Probar una cerveza fiando el zapato

En la misma plaza del Mercado de los Viernes se encuentra la cervecería Dulle Griet famosa por una curiosa tradición. Se trata de dejar un zapato de fianza cuando se pide una cerveza Kwak de 1.2 litros para asegurarse de que devuelve el vaso. Así pues, se deja el zapato en una cesta que cuelga de la barra. Cuando acabas tu cerveza y devuelves el vaso, recuperas tu zapato.

 

Degustar la gastronomía en la Lonja de la Carne

Horario: martes-domingo, 10:00 – 18:00

Este mercado de productos tradicionales es el paraíso de todo gourmet. Flandes posee más de 175 productos regionales y muchos de ellos se pueden degustar en este edificio del siglo XV. Antiguamente era un mercado para conservar frescas las carnes, especialmente. El interior del edificio está decorado con jamones de Ganda, típicos de la zona, colgando del techo.

 

Contemplar el Cordero Místico en la Catedral de San Bavón

Entrada: Gratuita, de 8:30-18:00 (17:00 en invierno). Ver el cuadro 4€

Como he dicho antes, Gante es conocida por la ciudad de las tres torres. Dos de ellas se encuentran a pocos metros, en la plaza Sint-Baafsplein: La Catedral de San Bavón y la torre Belfort. La primera de ellas se terminó de construir en 1569 y es de estilo gótico. Desde 2015 dentro de la catedral de aloja un esqueleto de ballena, que llego muerta en un barco brasileño. La bautizaron con el nombre de Leo y hace referencia a una historia del Antiguo Testamento.

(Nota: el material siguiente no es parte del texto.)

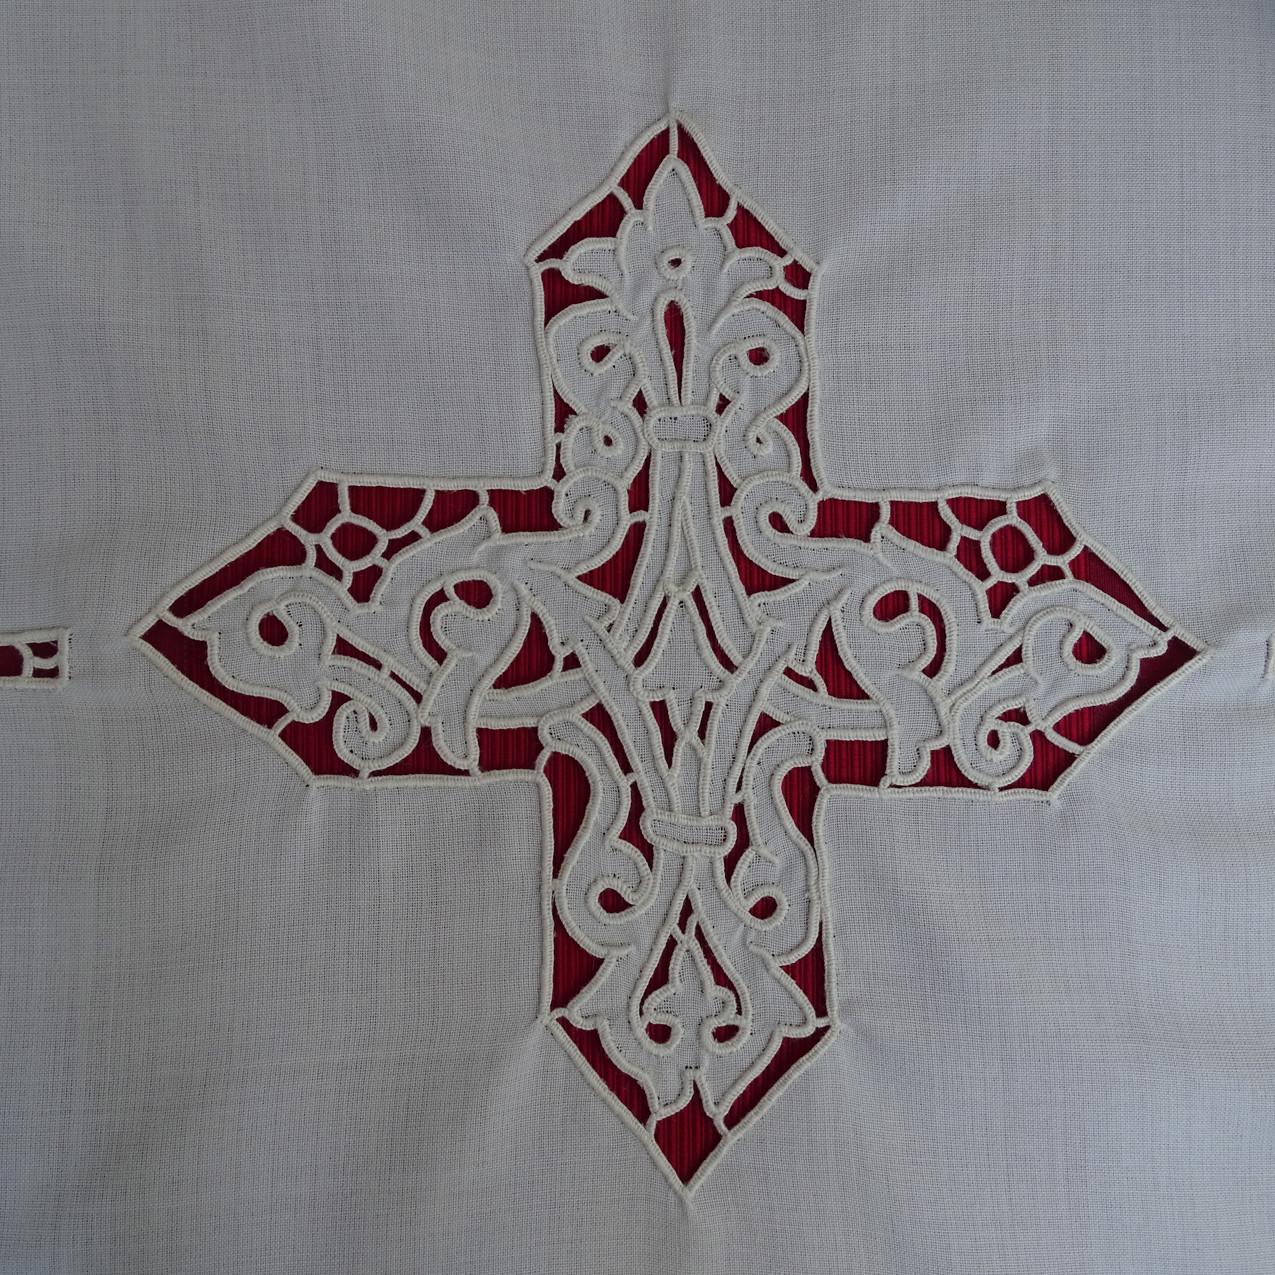 Camice ad intaglio con croce e giro di intaglio sul fondo e sulle maniche. Realizzato su misura per ordinazione sacerdotale

Pero por lo que realmente es famosa esta catedral es por contener La Adoración del Cordero Místico. Se trata de un cuadro formado por una serie de panales decorados por Jan Van Eyck en 1432. Es una de las pinturas flamencas más importantes y la que más vicisitudes ha sufrido, ya que ha sido robada en 6 ocasiones. Entre otros, Napoleón se la llevó al museo Louvre y, la última vez fue sustraída por el ejército alemán durante la Segunda Guerra Mundial.

 

Subir al mirador Belfort

Horario: lun-dom, 10:00-18:00

Precio: adultos 6€, menores de 26 años 2€, menores de 19 años gratis, mayores de 65 años 4.5€

Este campanario de 91 metros de altura fue construido con muchas interrupciones entre 1313 y 1380. Durante siglos se utilizó para dar las horas, avisar a la población y ejercer labores de vigilancia desde arriba. Las dependencias inferiores fueron el depósito de la tesorería de la ciudad. Hoy en día alberga diferentes exposiciones sobre la construcción del edificio y su historia.

Torre Belford (Gante)
 

Disfrutar de una terraza en Korenmarkt

Justo frente a la iglesia de San Nicolás parte la peatonal calle Korenmarkt. Al comienzo de la calle se encuentra el centro comercial Post Plaza, en el antiguo edificio de Correos. Continuando por la calle, a ambos lados se suceden las casas típicas de estilo barroco flamenco. En los bajos, todas ellas alojan bares y cafeterías con sus respectivas terrazas, habitualmente frecuentadas por estudiantes y trabajadores relajándose con una cervecita tras el trabajo.